What makes a stronger bond, doweling or biscuits? Or is there any difference?


----------



## bmarshall9686 (Jan 17, 2016)

Biscuits are really only used to help keep butt joints level while glueing. The glue alone is stronger than the biscuits. 

Dowels would offer more strength as long as you allow for movement.


----------



## Steve Neul (Sep 2, 2011)

While biscuits add some strength to the joint dowels hands down is far stronger. Biscuits don't go deep enough into the wood to add a lot of strength.


----------



## Jayhawk714 (Jan 17, 2015)

What do you mean by movement? I am going to be making some blanket chests using blue pine but want to do something besides a glue up after running the pine through my planer and jointer.


----------



## Jayhawk714 (Jan 17, 2015)

Thanks Steve. Also, would the dowels have enough strength to remove a small amount of any bow in the planks. I'm not talking about a huge bow but just a little to keep things straight. Most of my pine dried straight but a few do have some bow.


----------



## bzguy (Jul 11, 2011)

bmarshall9686 said:


> Biscuits are really only used to help keep butt joints level while glueing. The glue alone is stronger than the biscuits.
> 
> Dowels would offer more strength as long as you allow for movement.

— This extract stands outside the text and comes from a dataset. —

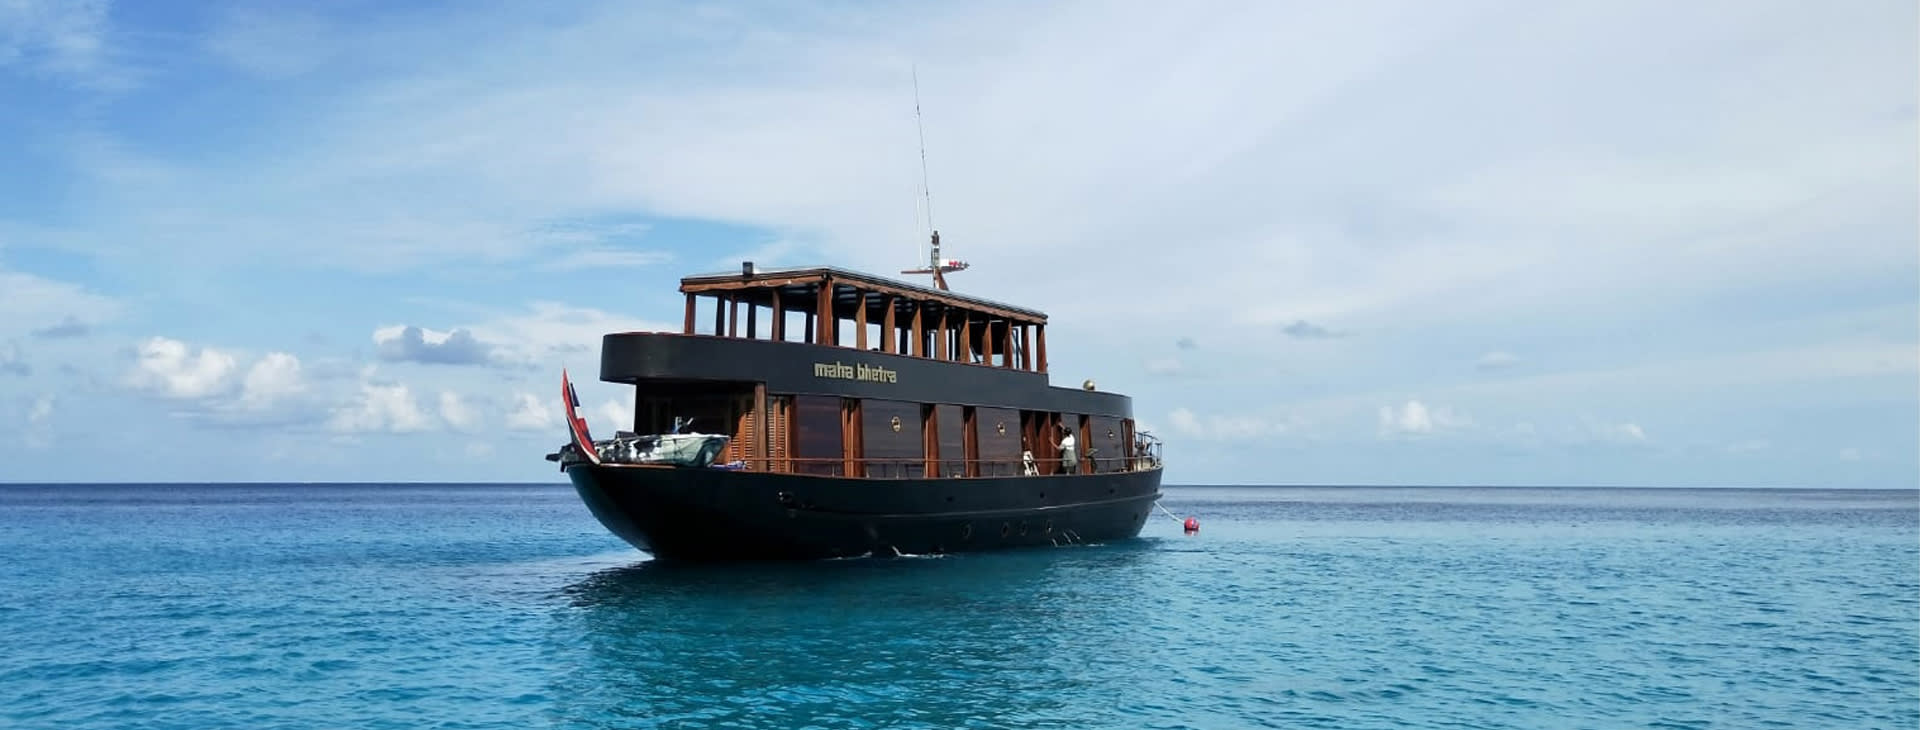 Andaman Islands  4 Unique Yachting Itineraries For An Unforgettable 12 Days Cruise

I would be inclined to say that butt joints are where glue is least effective.
Glue works much better along or across the grain, biscuits in a butt joint would make it stronger, but dowels much more so.


----------



## bmarshall9686 (Jan 17, 2016)

Fair assessment @bzguy, however I will still stand to say biscuits aren't really there for strength. 
@Jayhawk714 movement happens with the seasons when the wood wants to expand and/or contract. 

Also the bow I would say if it's very minimal you would be fine using dowels to help straighten ... but I would be cautious and watch it.


----------



## Jayhawk714 (Jan 17, 2015)

Thanks bzguy. By the reply's I'm getting it looks like I will be dong a lot researching of dowel jigs!


----------



## Jayhawk714 (Jan 17, 2015)

Thanks bmarshell. Like I told baguy it looks like I'll be doing research on dowel jigs.


----------



## Tony B (Jul 30, 2008)

I'm not sure what you are talking about.

Are you talking about edge joining the planks to make wider boards? If so, all that is needed is the glue. If done properly, a glue joint will be better than a dowel. The dowel will create a weak point if the boards want to warp out of shape and same goes for biscuits.

Are you talking about joining one side to another at 90*? If so, you can mortise and tenon or 1/2 dado joints.


----------



## madmantrapper (Feb 6, 2013)

We have not used dowels in thirty years. We use the heck out of biscuits. We also use pocket screws when ever possible.


----------